Skeletal muscle BMAL1 is necessary for transcriptional adaptation of local and peripheral tissues in response to endurance exercise training

Abstract

Objective: In this investigation, we addressed the contribution of the core circadian clock factor, BMAL1, in skeletal muscle to both acute transcriptional responses to exercise and transcriptional remodeling in response to exercise training. Additionally, we adopted a systems biology approach to investigate how loss of skeletal muscle BMAL1 altered peripheral tissue homeostasis as well as exercise training adaptations in iWAT, liver, heart, and lung of male mice.

Methods: Combining inducible skeletal muscle specific BMAL1 knockout mice, physiological testing and standardized exercise protocols, we performed a multi-omic analysis (transcriptomics, chromatin accessibility and metabolomics) to explore loss of muscle BMAL1 on muscle and peripheral tissue responses to exercise.

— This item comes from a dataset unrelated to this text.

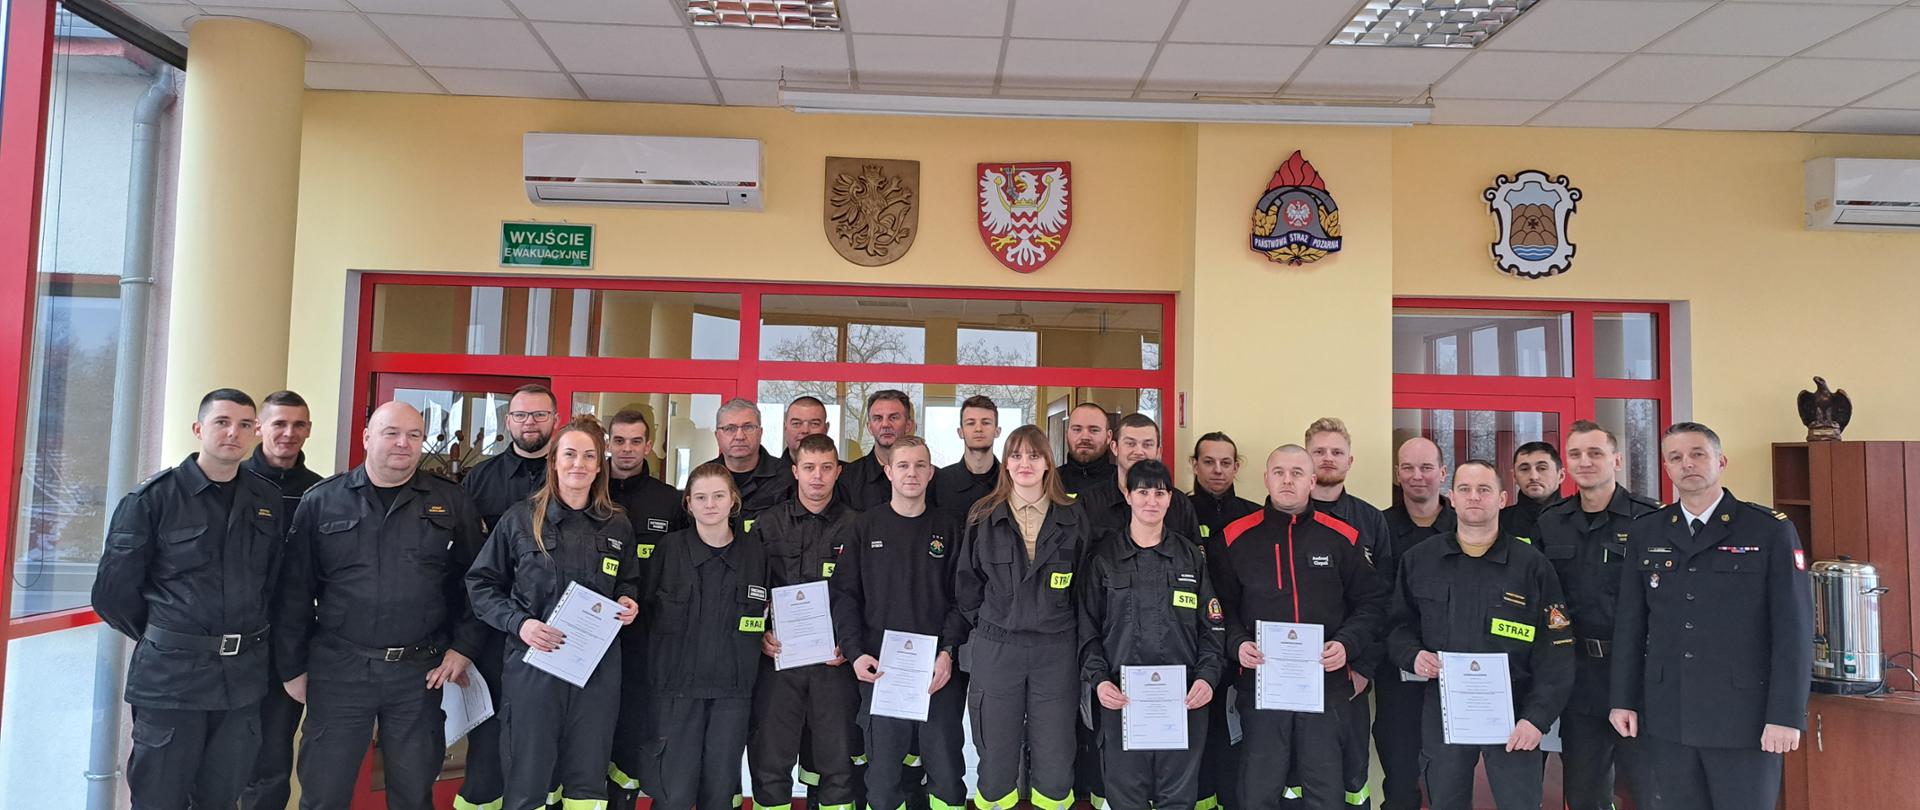 Na zdjęciu znajdują się uczestnicy szkolenia dla kierujących działaniem ratowniczym dla strażaka ratownika OSP, zdjęcie wykonano w Sali sztabowej KP PSP w Chełmnie podczas wspólnego zdjęcia po zakończonym egzaminie.

Results: Muscle-specific BMAL1 knockout mice demonstrated a blunted transcriptional response to acute exercise, characterized by the lack of upregulation of well-established exercise responsive transcription factors including Nr4a3 and Ppargc1a. Six weeks of exercise training in muscle-specific BMAL1 knockout mice induced significantly greater and divergent transcriptomic and metabolomic changes in muscle. Surprisingly, liver, lung, inguinal white adipose and heart showed divergent exercise training transcriptomes with less than 5% of 'exercise-training' responsive genes shared for each tissue between genotypes.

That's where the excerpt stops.